§ What you will do: Please write out the full listing beneath this line exactly, skipping its images.

§ Source data:
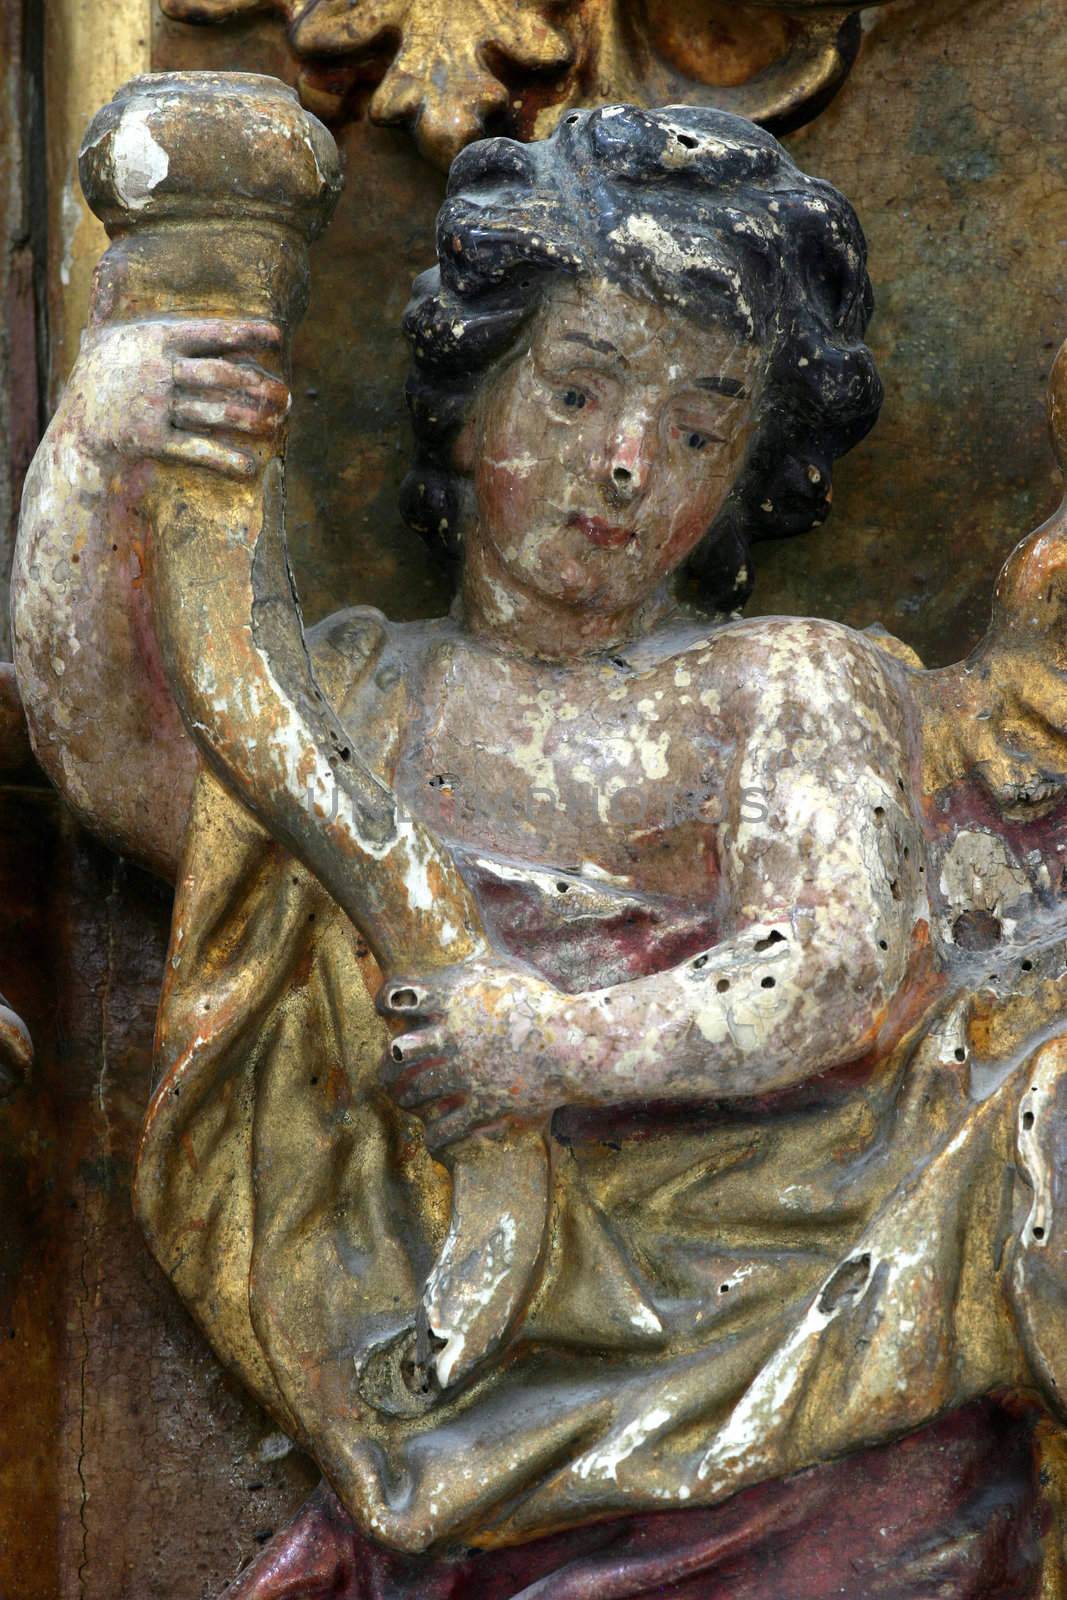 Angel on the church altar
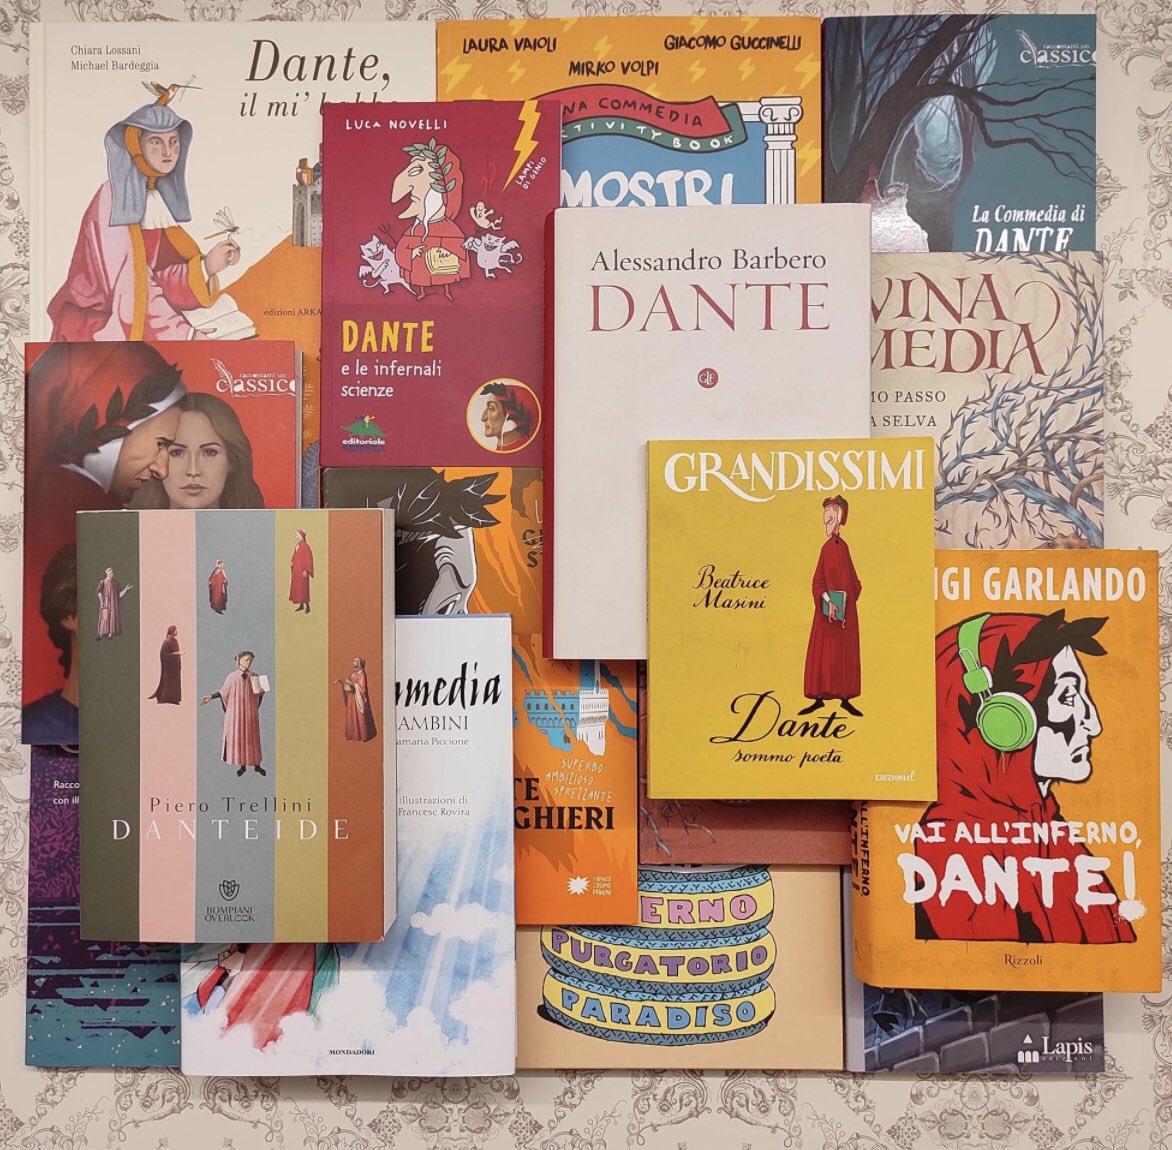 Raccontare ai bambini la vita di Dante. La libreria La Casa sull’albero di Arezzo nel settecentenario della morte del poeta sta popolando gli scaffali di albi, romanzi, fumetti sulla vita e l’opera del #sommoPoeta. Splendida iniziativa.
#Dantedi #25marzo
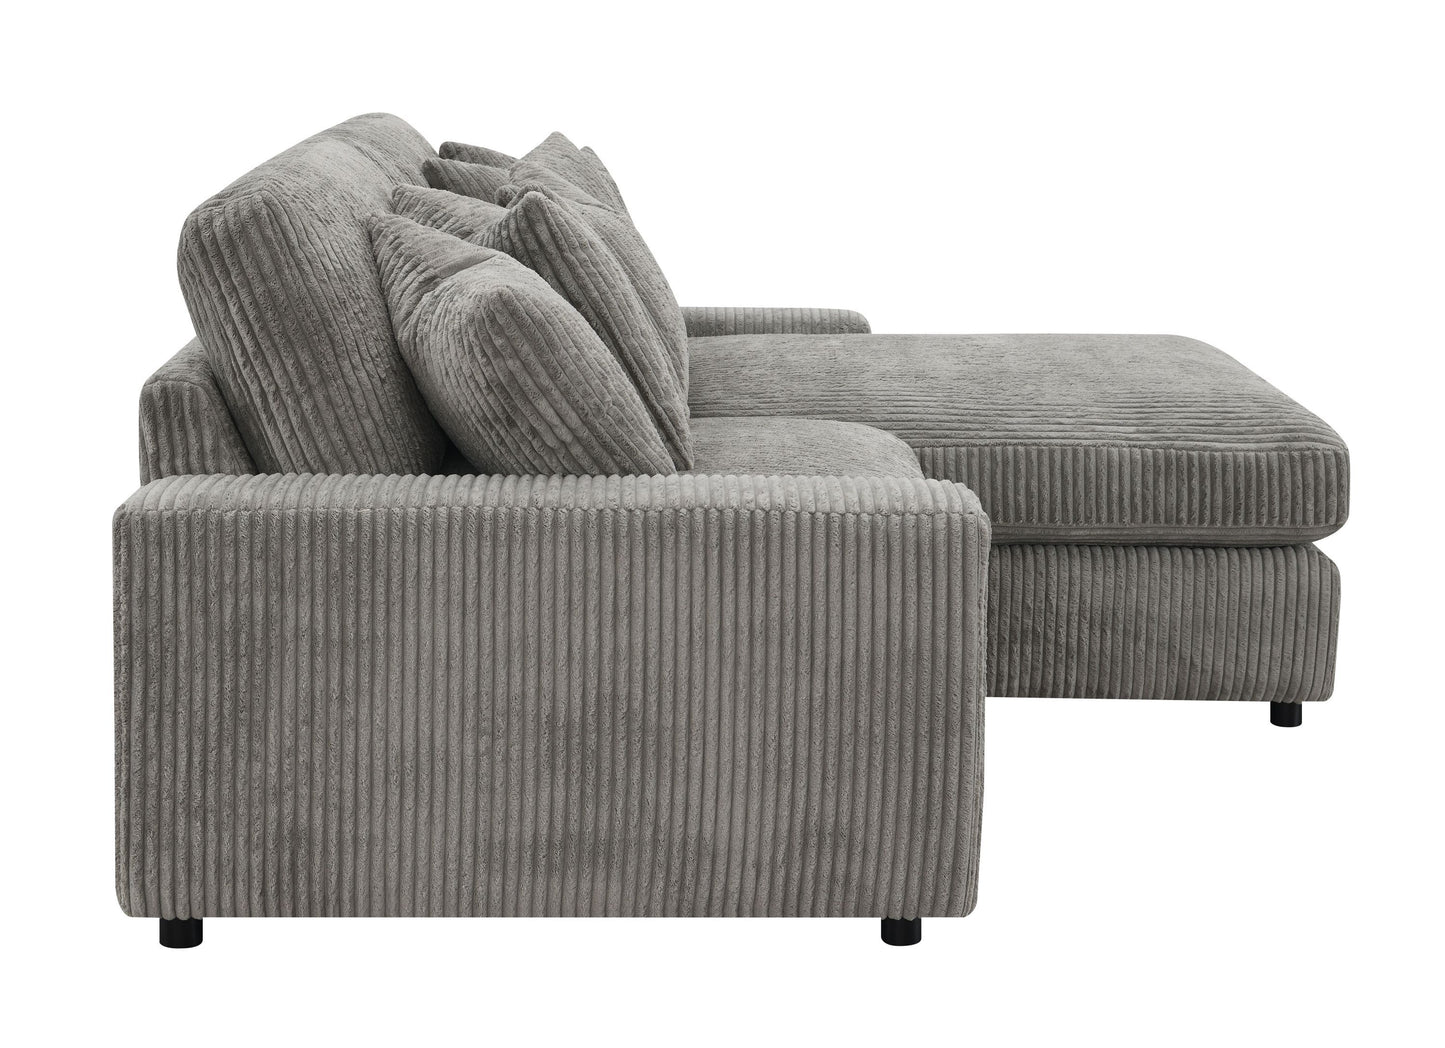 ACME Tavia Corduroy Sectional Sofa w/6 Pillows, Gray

§ Problem solution:
 Angel on the church altar
 Raccontare ai bambini la vita di Dante. La libreria La Casa sull’albero di Arezzo nel settecentenario della morte del poeta sta popolando gli scaffali di albi, romanzi, fumetti sulla vita e l’opera del #sommoPoeta. Splendida iniziativa.
#Dantedi #25marzo
 ACME Tavia Corduroy Sectional Sofa w/6 Pillows, Gray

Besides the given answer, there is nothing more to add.